The film is set in Hohman, Indiana, a fictionalized version of Shepherd's hometown of Hammond, near Chicago. The name is derived from Hohman Avenue, a major street in downtown Hammond. Local references in the film include Warren G. Harding Elementary School and Cleveland Street (where Shepherd spent his childhood). Other local references include mention of a person "swallowing a yo-yo" in nearby Griffith, the Old Man being one of the fiercest "furnace fighters in Northern Indiana" and that his obscenities were "hanging in space over Lake Michigan", a mention of the Indianapolis 500, and the line to Santa Claus "stretching all the way to Terre Haute". The Old Man is also revealed to be a fan of the Bears (whom he jokingly calls the "Chicago Chipmunks") and White Sox, consistent with living in northwest Indiana. In commemoration of the setting, the City of Hammond holds an annual exhibit regarding the film in November and December, including a statue recreating the scene where Ralphie's friend Flick freezes his tongue to a flagpole.

Director Bob Clark reportedly sent scouts to twenty cities before selecting Cleveland for exterior filming. Cleveland was chosen because of Higbee's Department Store in downtown Cleveland. (Since Higbee's was exclusive to northeast Ohio, the department store referred to in Shepherd's book and the film is most likely Goldblatt's, located in downtown Hammond (with the Cam-Lan Chinese Restaurant three doors down on Sibley Ave). Until they connected with Higbee's, location scouts had been unsuccessful in finding a department store that was willing to be part of the film. Higbee's vice president Bruce Campbell agreed to take part in the project on the condition he is allowed to edit the script for cursing. Ultimately, Higbee's was the stage for three scenes in the film:
 The opening scene in which Ralphie first spies the Red Ryder BB Gun in the store's Christmas window display. Higbee's was known for its elaborate, child-centered Christmas themes and decorations, with Santa as the centerpiece.
 The parade scene, filmed just outside Higbee's on Public Square at 3 AM. The parade was filmed at night because during the daytime the 1960s Erieview Tower and Federal Building was visible from the Public Square, as was the BP Tower, which was under construction at the time.
 Ralphie and Randy's visit to see Santa, which was filmed inside Higbee's. The store kept the Santa slide that was made for the film and used it for several years after the film's release. Higbee's became Dillard's in 1992 and closed permanently in 2002.

In addition to the scenes involving Higbee's, the exterior shots (and select interior shots where Ralphie lived, including the opening of the leg lamp) of the house and neighborhood, were filmed in the Tremont section of Cleveland's West Side. The house used as the Parker home in these scenes has been restored, reconfigured inside to match the soundstage interiors, and opened to the public as "A Christmas Story House". Appropriately, the fictional boyhood home of Ralphie Parker is on Cleveland Street, the name of the actual street where Shepherd grew up.

Several other locations were used.

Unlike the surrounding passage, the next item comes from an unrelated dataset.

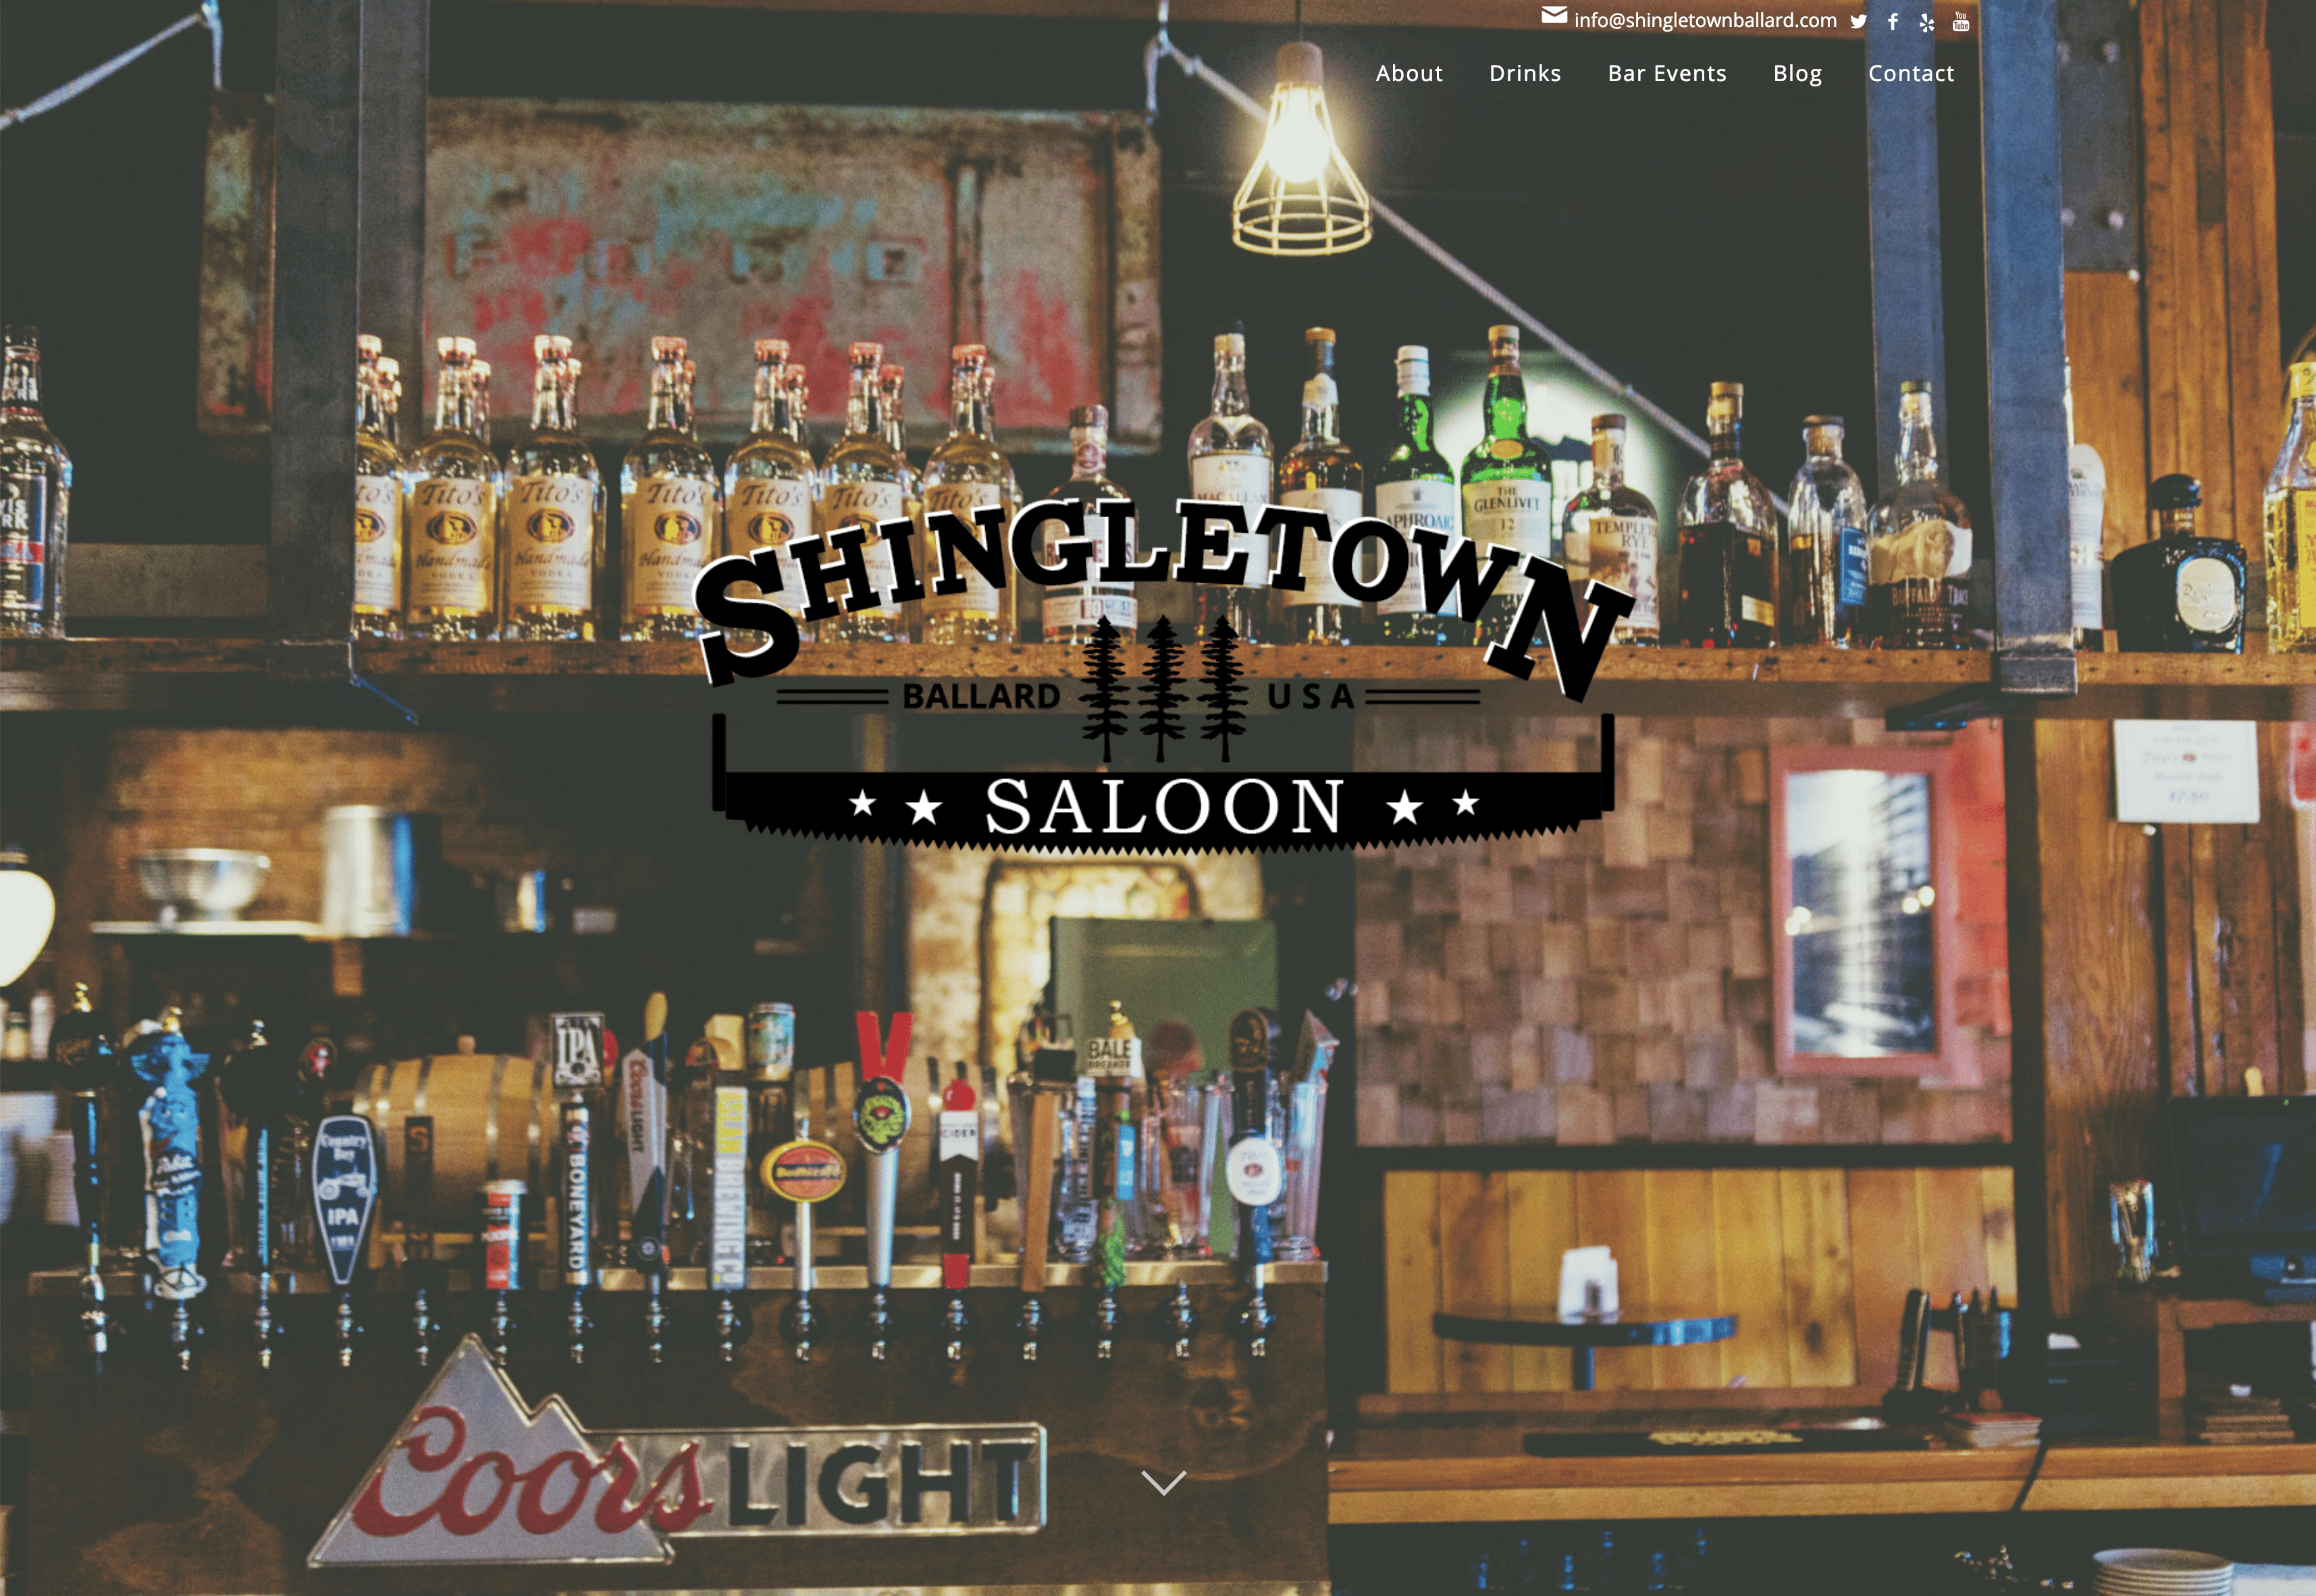 Screenshot of Shingletown Saloon's homepage

The school scenes were shot at the Victoria School in St. Catharines, Ontario. The Christmas tree-purchasing scene was filmed in Toronto, Ontario, as was the sound stage filming of interior shots of the Parker home. The "...only I didn't say fudge" scene was filmed at the foot of Cherry Street in Toronto; several lake freighters are visible in the background spending the winter at Toronto's port, which lends authenticity to the time of year when the film was produced.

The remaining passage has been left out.